Radiat Oncol. 2014 Sep 20:9:215. doi: 10.1186/1748-717X-9-215.

Abstract

Background: Addition of whole-brain irradiation (WBI) to radiosurgery for treatment of few cerebral metastases is controversial. This study aimed to create an instrument that estimates the probability of developing new cerebral metastases after radiosurgery to facilitate the decision regarding additional WBI.

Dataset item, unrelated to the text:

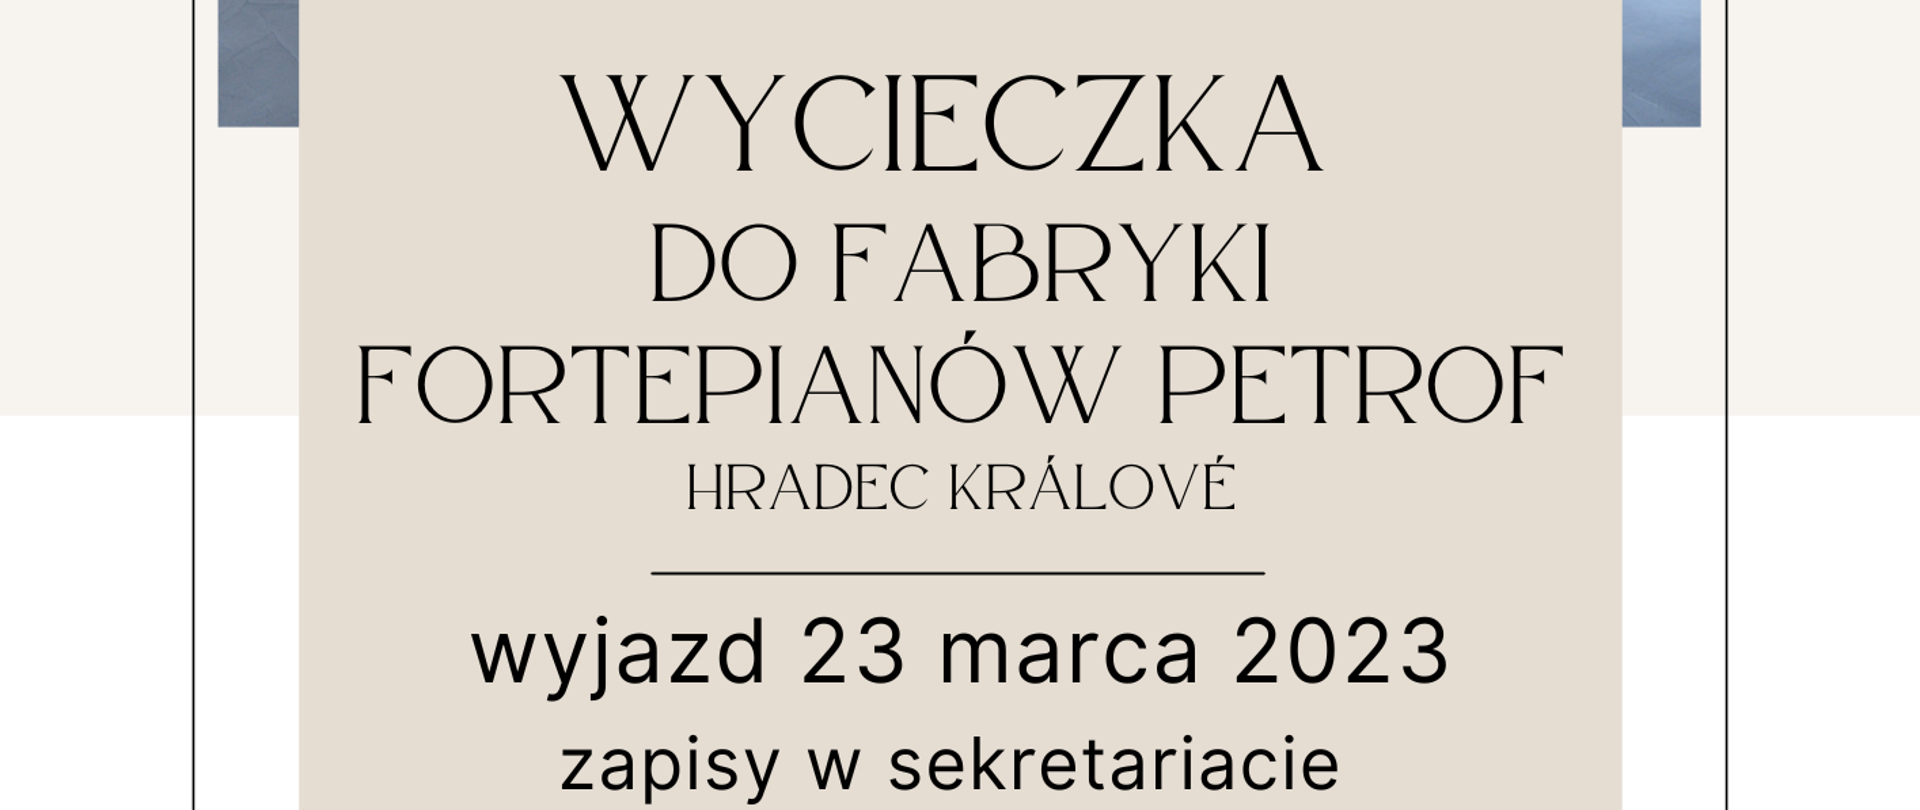 Wycieczka do fabryki fortepianów do Hradec Kralove 23 marca 2023
Plakat przedstawia galerię fortepianów - opisuje czas oraz miejsce wyjazdu do wymienionej fabryki.

Methods: Nine characteristics were investigated for associations with the development of new cerebral metastases including radiosurgery dose (dose equivalent to <20 Gy vs. 20 Gy vs. >20 Gy for tumor cell kill, prescribed to the 73-90% isodose level), age (≤60 vs. ≥61 years), gender, Eastern Cooperative Oncology Group performance score (0-1 vs. 2), primary tumor type (breast cancer vs. non-small lung cancer vs. malignant melanoma vs. others), number/size of cerebral metastases (1 lesion <15 mm vs. 1 lesion ≥15 mm vs. 2 or 3 lesions), location of the cerebral metastases (supratentorial alone vs. infratentorial ± supratentorial), extra-cerebra metastases (no vs. yes) and time between first diagnosis of the primary tumor and radiosurgery (≤15 vs. >15 months).

Results: Number of cerebral metastases (p = 0.002), primary tumor type (p = 0.10) and extra-cerebral metastases (p = 0.06) showed significant associations with development of new cerebral metastases or a trend, and were integrated into the predictive instrument. Scoring points were calculated from 6-months freedom from new cerebral metastases rates. Three groups were formed, group I (16-17 points, N = 47), group II (18-20 points, N = 120) and group III (21-22 points, N = 47). Six-month rates of freedom from new cerebral metastases were 36%, 65% and 80%, respectively (p < 0.001). Corresponding rates at 12 months were 27%, 44% and 71%, respectively.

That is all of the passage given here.